Craniomaxillofacial (CMF) surgeons treat bone defects using autografts, allografts, and even xenografts in an attempt to restore functionality and aesthetic appearance. Metallic biomaterials are also employed in various forms as substitutes for damaged bones, to hold bones together, strengthen tendons and ligaments or attach them to the bone, and replace diseased bone. These materials are also bioinert, possess little biological activity in vivo, with subsequent poor tissue integration, increased incidence of inflammation and infection, and implant loosening and failure due to infection. Further, ions can leach from the implants due to metal wear debris, resulting from corrosion, wear, and attrition from the metallic surfaces. The same degradation processes can lead to the loss of mechanical integrity and robustness, with the implant failing to perform the intended function. 3D printing can be used to create prostheses to replace or repair damaged tissues.

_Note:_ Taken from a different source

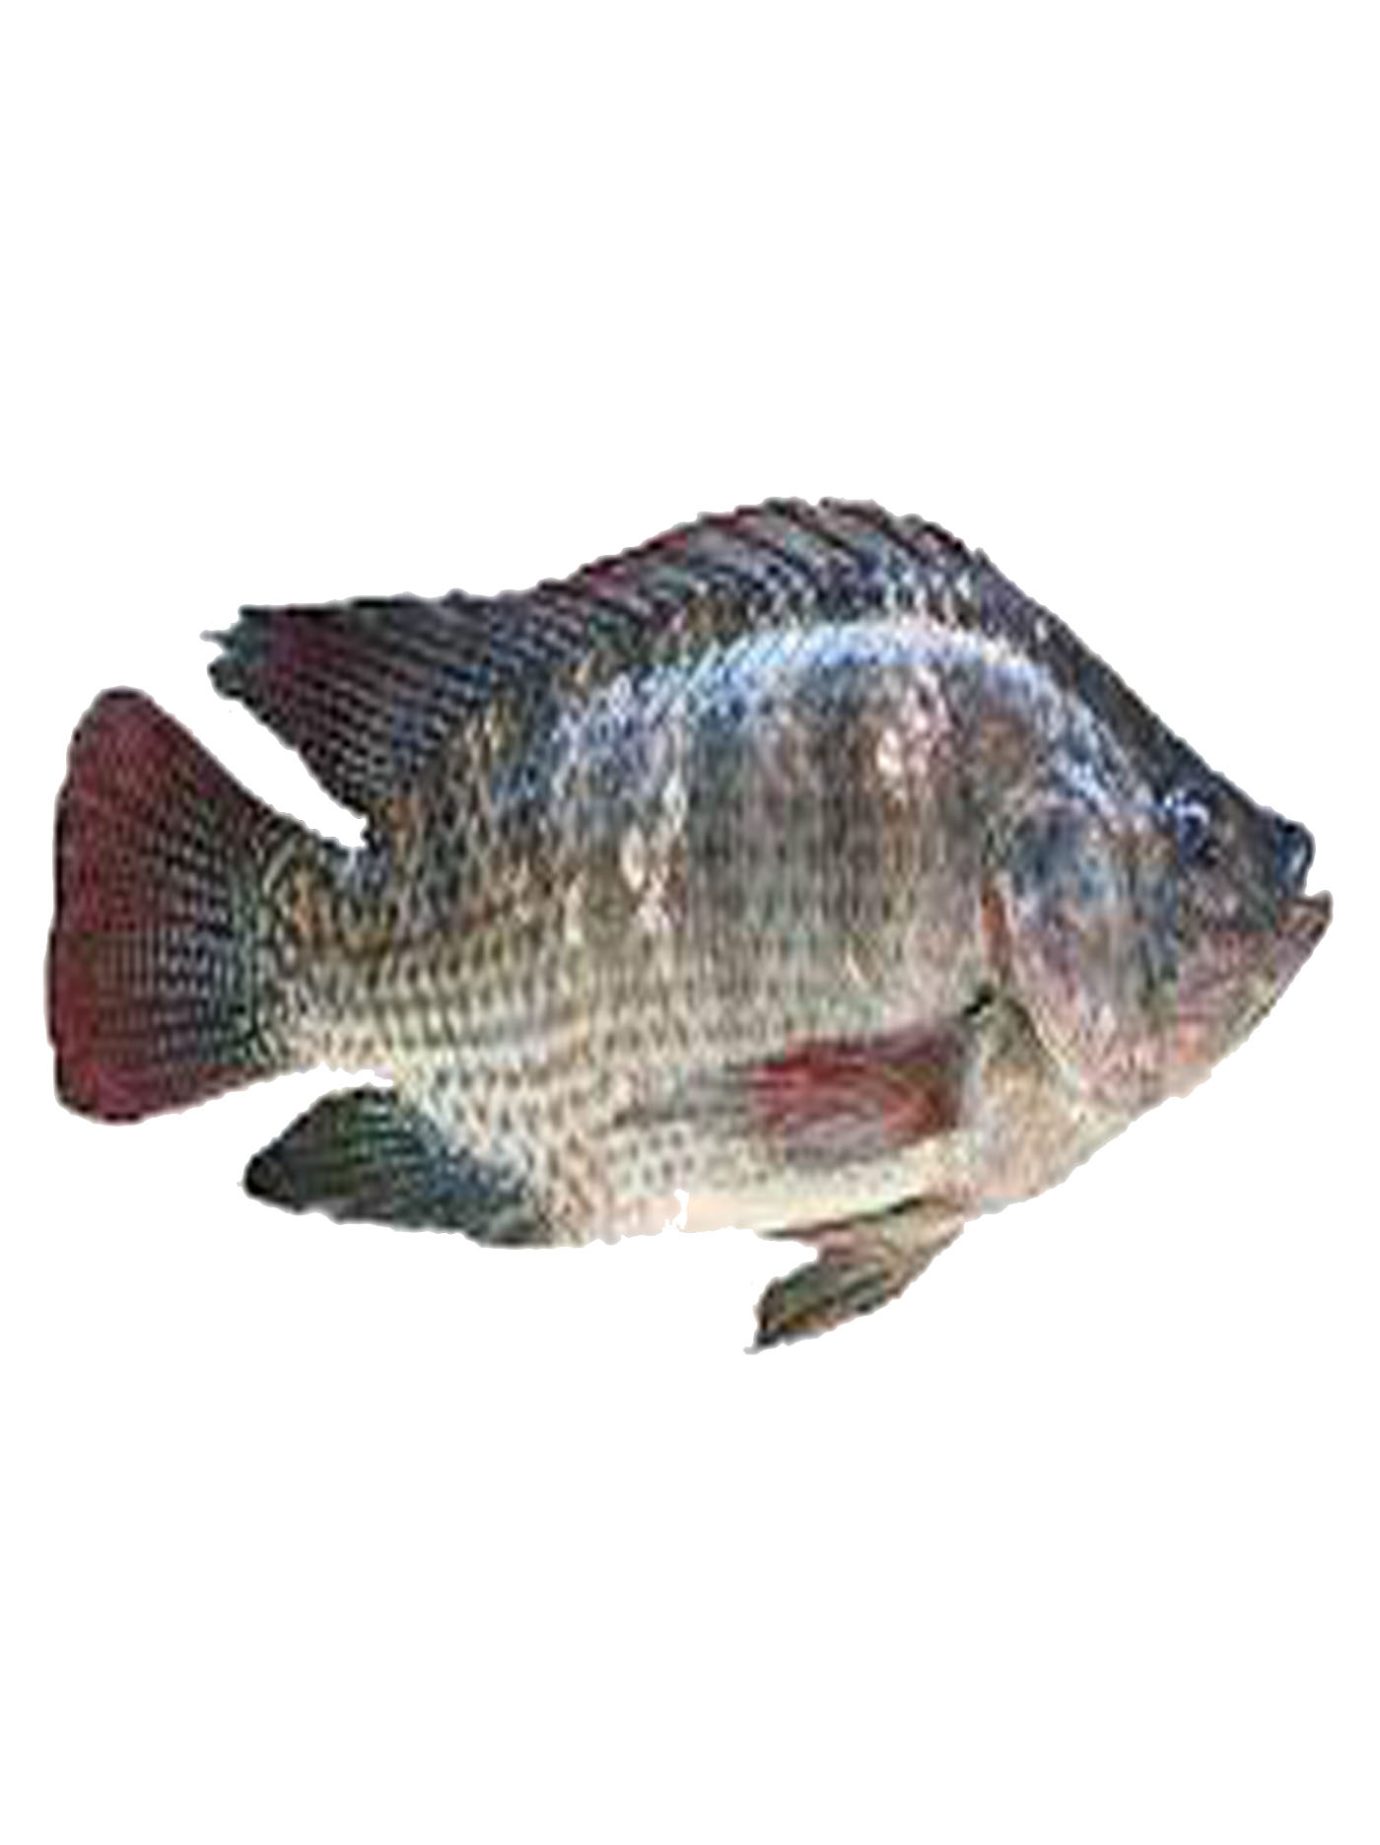 ماهی تیلاپیا چیست و آیا مضرات مطرح شده برای آن واقعی است؟

Reconstructive surgery can also leverage 3D-printing technologies to develop custom cutting guides, fixation devices, practice models and implanted medical devices to improve patient outcomes. Recent advances in our lab have led to the development of a 3D printing technique able to fabricate an implantable medical device capable of delivering therapeutic drugs (antibiotics, chemotherapeutics, hormones, and steroids) directly to the intended target and then degrade safely in the body. The objective of this research is to fabricate a customized drug-eluting and biodegradable implant (e.g., resorbable bone mesh, screws and plates) using 3D printing technology. Our polymer nanocomposite will couple the treatment of infection while simultaneously encouraging tissue regeneration. The nanocomposite will consist of a polycaprolactone (PCL) and polyethylene oxide (PEO) polymer blend, and a calcium phosphate cement (CPC) enhanced with halloysite nanotubes (HNTs). The PCL/PEO blend will have controlled degradation and will be coupled with HNTs doped with antimicrobials and osteoinductive/osteogenic growth factors (hereafter termed bioactive agents). It can also serve as an orthobiologic. When applied or implanted into bone tissue, it will facilitate disease remediation, osteogenesis, matrix formation, mineralization, and biointegration. This project will produce a novel, cost-effective and customizable medical devices for use in the treatment of developmental or traumatic CMF defects or injuries.